Ever wondered what is the fastest technology for your queries? One way to find out is to let a couple of SQL Server optimization freaks compete who can write the fastest solution. This is what the Phil Factor SQL Speed Phreak Competition is about.

Below is the results of round 5 of the competition, the SSN matching SQL problem. Interesting to see the results and learn new optimization ideas from the different entries.

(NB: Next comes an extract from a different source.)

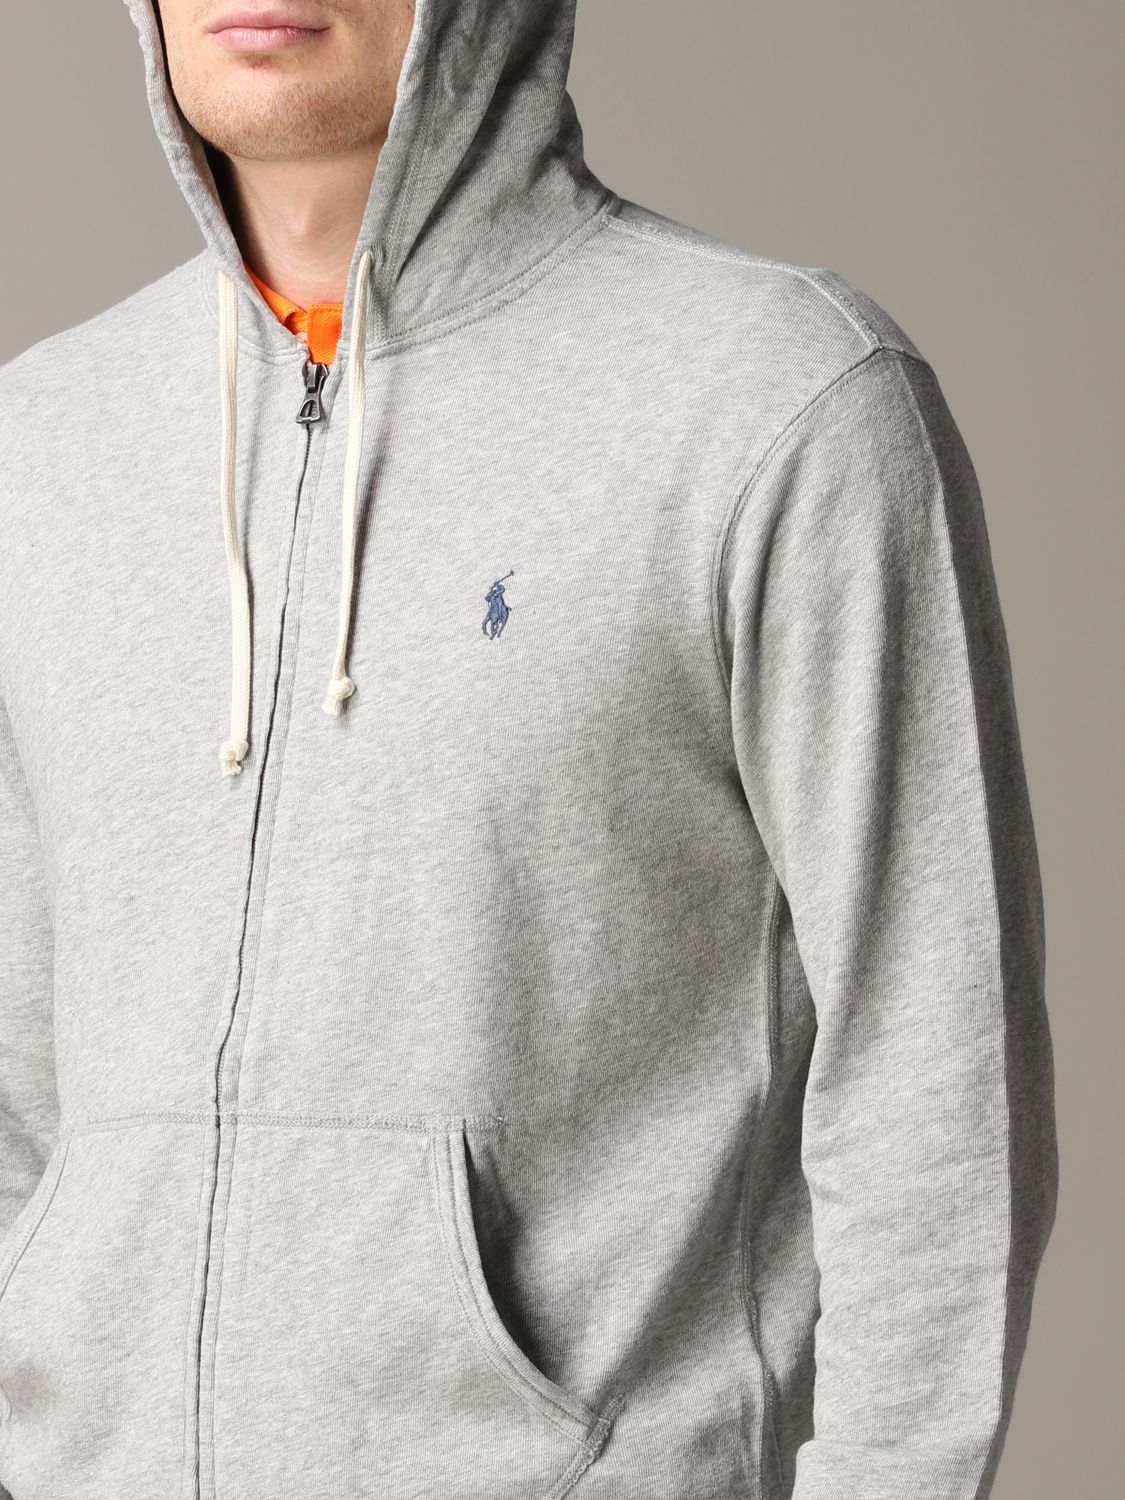 Grau S HERREN Pullovers & Sweatshirts Mit Reißverschluss Ralph Lauren sweatshirt Rabatt 64 %

+-------------------+-----------+----------+-----------+--------+--------+
| Name              | Time (ms) | Position |   Reads   | Result |  Type  |
+-------------------+-----------+----------+-----------+--------+--------+
| JAhlen v4         |       320 |        1 |       231 | OK     | SQLCLR |
+-------------------+-----------+----------+-----------+--------+--------+
| Daniel Ross       |       350 |        2 |       206 | OK     | SSIS   |
+-------------------+-----------+----------+-----------+--------+--------+
| JAhlen v3         |       370 |          |       231 | Error  | SQLCLR |
+-------------------+-----------+----------+-----------+--------+--------+
| Matt v2           |       391 |        3 |       231 | OK     | SQLCLR |
+-------------------+-----------+----------+-----------+--------+--------+
| Matt v3           |       426 |        4 |       237 | OK     | SQLCLR |
+-------------------+-----------+----------+-----------+--------+--------+
| Matt v1           |       538 |        5 |     1 422 | OK     | T-SQL  |
+-------------------+-----------+----------+-----------+--------+--------+
| Phil v1e          |       582 |          |     1 994 | OK     | T-SQL  |
+-------------------+-----------+----------+-----------+--------+--------+
| Matt v1           |       590 |        6 |       237 | OK     | SQLCLR |
+-------------------+-----------+----------+-----------+--------+--------+
| JAhlen v2         |       652 |        7 |       462 | OK     | SQLCLR |
+-------------------+-----------+----------+-----------+--------+--------+
| Phil v1c          |       674 |          |     1 537 | OK     | T-SQL  |
+-------------------+-----------+----------+-----------+--------+--------+
| Phil v1b          |       700 |          |     1 609 | OK     | T-SQL  |
+-------------------+-----------+----------+-----------+--------+--------+
| Peso v1           |       727 |          |    55 701 | OK     | T-SQL  |
+-------------------+-----------+----------+-----------+--------+--------+
| JAhlen v1         |       776 |        8 |       462 | OK     | SQLCLR |
+-------------------+-----------+----------+-----------+--------+--------+
| Peso 2            |       819 |          |   154 153 | OK     | T-SQL  |
+-------------------+-----------+----------+-----------+--------+--------+
| Steve 1a          |       887 |        9 |    98 500 | OK     | T-SQL  |
+-------------------+-----------+----------+-----------+--------+--------+
| Phil v1d          |       934 |          |    98 500 | OK     | T-SQL  |
+-------------------+-----------+----------+-----------+--------+--------+
| Matt v2           |       946 |       10 |    55 755 | OK     | T-SQL  |
+-------------------+-----------+----------+-----------+--------+--------+
| Phil Factor v1    |     1 900 |          |     5 362 | OK     | T-SQL  |
+-------------------+-----------+----------+-----------+--------+--------+
| Scot Hauder v1    |     3 122 |       11 |     2 464 | OK     | T-SQL  |
+-------------------+-----------+----------+-----------+--------+--------+
| Fu Bar v1         | 4 467 583 |          | 1 484 180 | OK     | CURSOR |
+-------------------+-----------+----------+-----------+--------+--------+

Basically, my SQL CLR solution was the fastest. However it is very interesting to see that the SSIS solution was very close in speed. It also had fewer logical reads, which leads me to the thought that a well-written SSIS solution might be even faster than a SQL CLR solution. Maybe an idea for next round?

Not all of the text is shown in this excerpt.